Reputation: 3594
I am working on the SAT Scores database: https://nycopendata.socrata.com/Education/SAT-Results/f9bf-2cp4?
This is what it looks like:
> head(SAT)
DBN SCHOOL.NAME Num.of.SAT.Test.Takers
1 01M292 HENRY STREET SCHOOL FOR INTERNATIONAL STUDIES 29
2 01M448 UNIVERSITY NEIGHBORHOOD HIGH SCHOOL 91
3 01M450 EAST SIDE COMMUNITY SCHOOL 70
4 01M458 FORSYTH SATELLITE ACADEMY 7
5 01M509 MARTA VALLE HIGH SCHOOL 44
6 01M515 LOWER EAST SIDE PREPARATORY HIGH SCHOOL 112
SAT.Critical.Reading.Avg..Score SAT.Math.Avg..Score SAT.Writing.Avg..Score
1 355 404 363
2 383 423 366
3 377 402 370
4 414 401 359
5 390 433 384
6 332 557 316
In the Column Num.of.SAT.Test.Takers, many values are simply the character 's'. The corresponding values for the 's' columns also have 's' and no numeric scores.
> SATnocandidates<-SAT[SAT$Num.of.SAT=='s', ]
> head(SATnocandidates)
DBN SCHOOL.NAME Num.of.SAT.Test.Takers
23 02M392 MANHATTAN BUSINESS ACADEMY s
24 02M393 BUSINESS OF SPORTS SCHOOL s
26 02M399 THE HIGH SCHOOL FOR LANGUAGE AND DIPLOMACY s
39 02M427 MANHATTAN ACADEMY FOR ARTS & LANGUAGE s
41 02M437 HUDSON HIGH SCHOOL OF LEARNING TECHNOLOGIES s
42 02M438 INTERNATIONAL HIGH SCHOOL AT UNION SQUARE s
SAT.Critical.Reading.Avg..Score SAT.Math.Avg..Score SAT.Writing.Avg..Score
23 s s s
24 s s s
26 s s s
39 s s s
41 s s s
42 s s s
Questions
Upvotes: 0
Views: 2948
Reputation: 193517
My comment as an answer...
Use the na.strings
argument to read your data in.

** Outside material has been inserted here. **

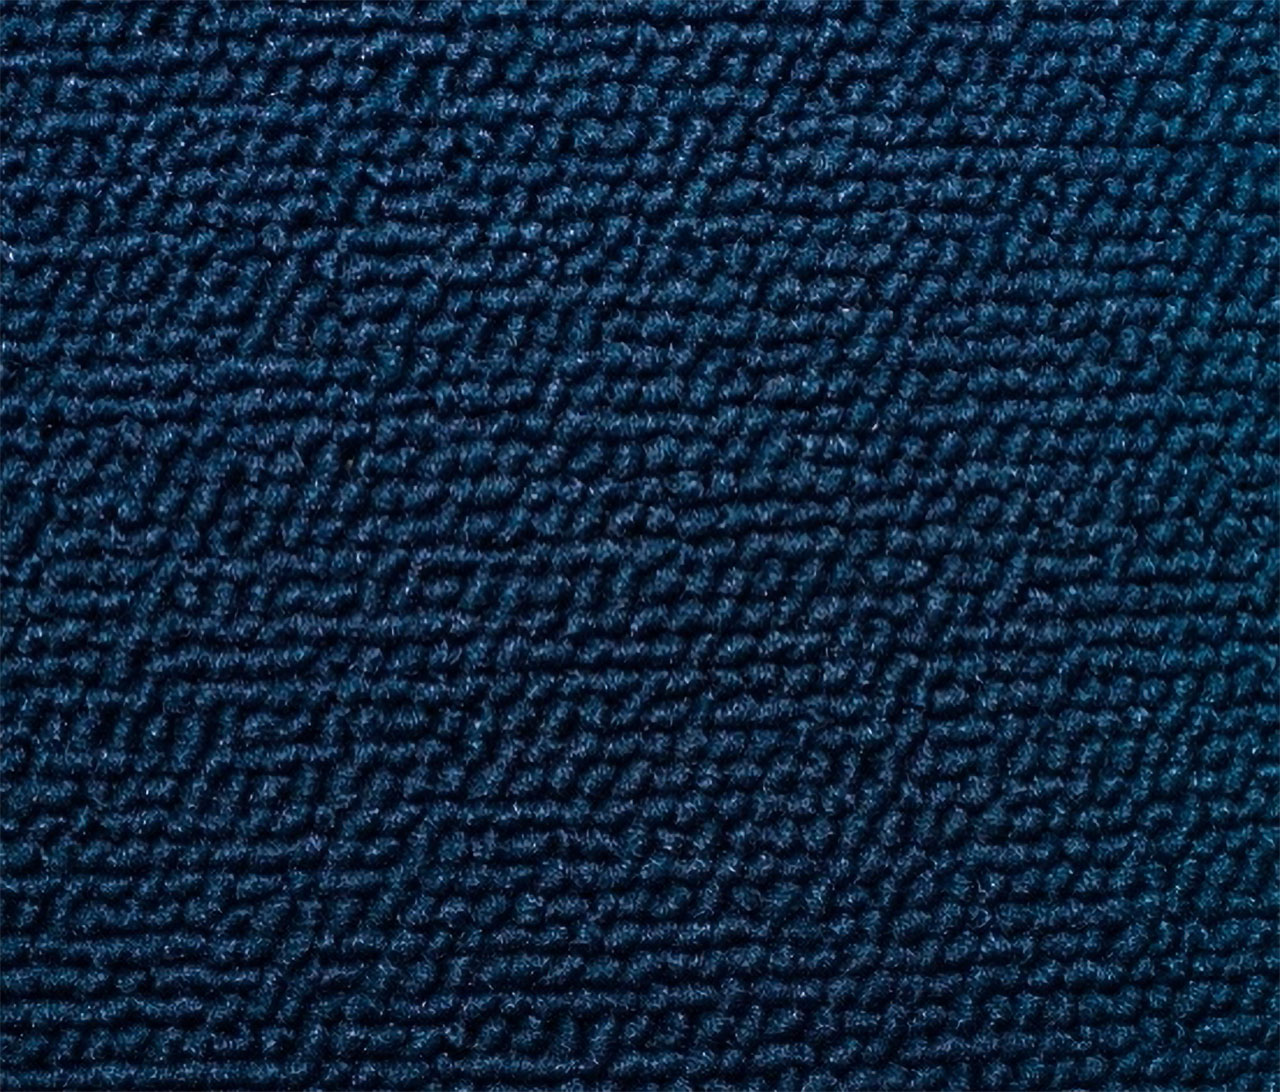 Holden Standard HD Standard Wagon E31 Combine Blue Carpet (Image 1 of 1)

Assuming you had downloaded the CSV version of the dataset to your "Downloads" directory, you would us a command like:
SAT <- read.csv("~/Downloads/SAT_Results.csv", na.strings = "s")
Note that the na.strings
argument is plural--you can have multiple values that get read in as NA
.
Another option, if the data is already in your R workspace, is to get rid of your "s" values just by coercion. The columns are likely to be factors or characters at the moment. If you convert them to numeric, the "s" values would automatically become NA
(you'll get warnings, but the warnings are only telling us what we already know).
So for instance, imagine we started here:
SAT <- read.csv("~/Downloads/SAT_Results.csv", na.strings = "s")
If we wanted to apply our operation across all numeric columns (all but the first two columns), we could do:
SAT[-c(1, 2)] <- lapply(SAT[-c(1, 2)], function(x) as.numeric(as.character(x)))
Alternatively, if you wanted to change just the third column, you can use something like the following:
SAT[[3]] <- as.numeric(as.character(SAT[[3]]))
Upvotes: 2